Closed Bug 936222 Opened 11 years ago Closed 10 years ago

nextSlave should take into account retries and spot instances

Categories

(Release Engineering :: General, defect, P2)

x86_64
Linux
defect

Tracking

(Not tracked)

RESOLVED FIXED

People

(Reporter: catlee, Assigned: catlee)

References

Details

Attachments

(4 files)

Jobs running on spot instances can be killed at any time. Thanks to Ben's recent buildbot changes, all of these should be automatically retried. Ideally we want any retried jobs to end up on ondemand instances where they're more likely to finish.

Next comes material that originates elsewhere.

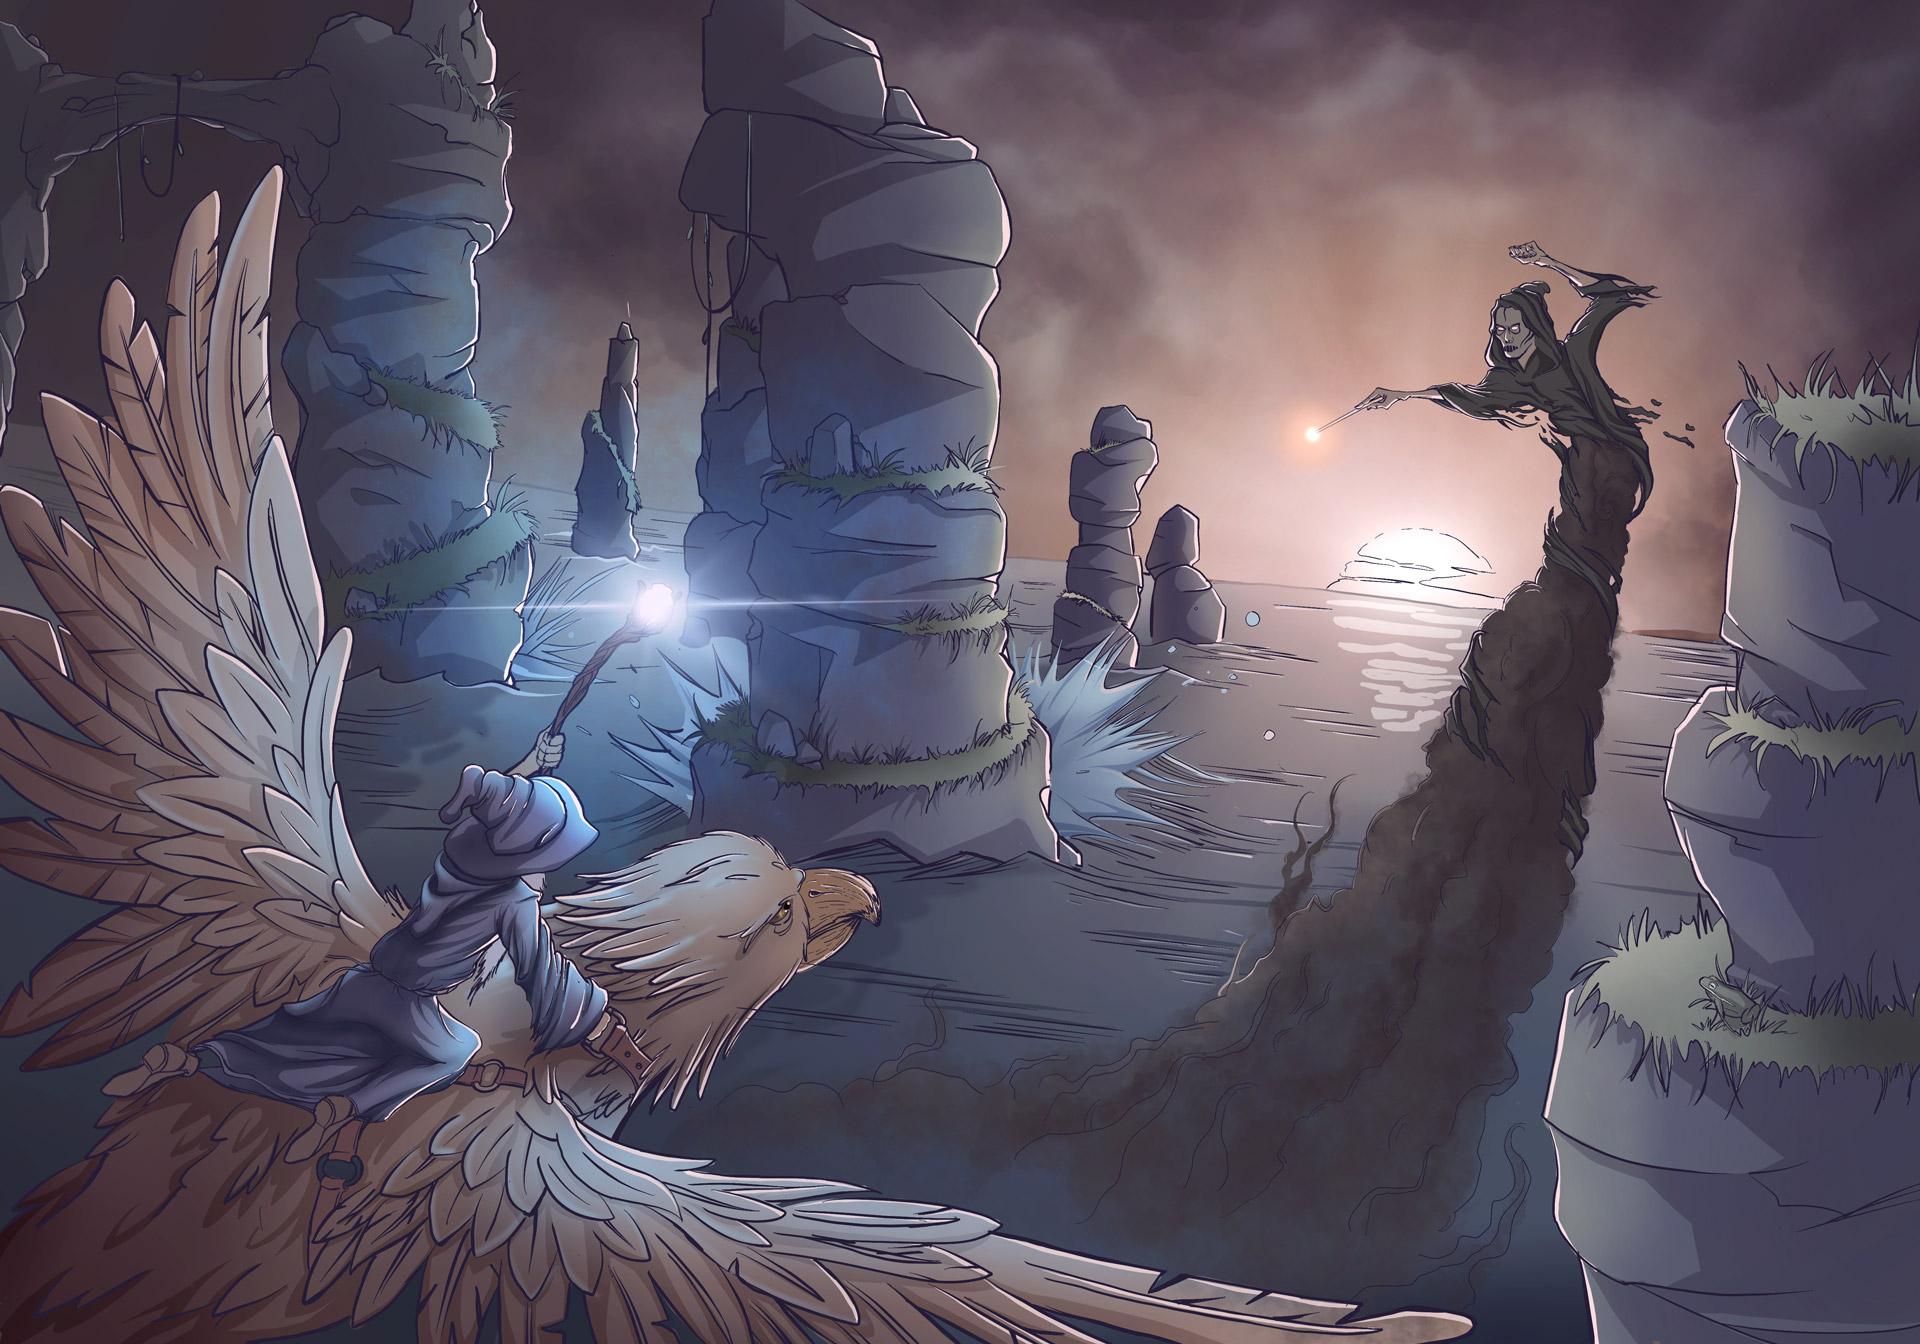 Gandalf vs deatheater

Probably the best place for this is nextSlave functions for buildbot.
Assignee: nobody → catlee
Priority: -- → P2
I'm going to be cleaning up the nextSlave functions in buildbotcustom. I don't think we need the fast/slow distinction anymore, so I'm removing the regexes here.
Attachment #829354 - Flags: review?(rail)
Attachment #829354 - Flags: review?(rail) → review+
Attachment #829354 - Flags: checked-in+
in production
Attachment #831038 - Flags: review?(rail)
Comment on attachment 831038 [details] [diff] [review]
remove old nextSlave functions

lgtm and passes test-masters
Attachment #831038 - Flags: review?(rail) → review+
Attachment #831038 - Flags: checked-in+
in production
Don't be afraid!

There are a few major bits to this patch:

- safeNextSlave is a decorator that factors out some of the boiler plate for catching exceptions and returning random slaves in case something goes wrong in the real nextSlave function

- _getRetries is the scary piece. Its job is to find out if any of the pending requests for the given builder have been retried. It has to do some mildly scary stack walking to do the DB call, but other than that is pretty straightforward.

- _classifyAWSSlaves splits a list of slaves into three buckets: in-house, ondemand (AWS), and spot (AWS)

- _nextAWSSlave is what pulls these together. We always want to run on in-house slaves if available. After that, our behaviour depends on if there are previous retries for this builder, and if we have a aws_wait timeout configured. If we have retries, then we won't run on spot instances. If aws_wait is set, then we'll wait up to that many seconds for an in-house slave to pick up the job.

Most of the build builders can use _nextAWSSlave that waits for in-house machines and sorts by which slaves have most recently done the job.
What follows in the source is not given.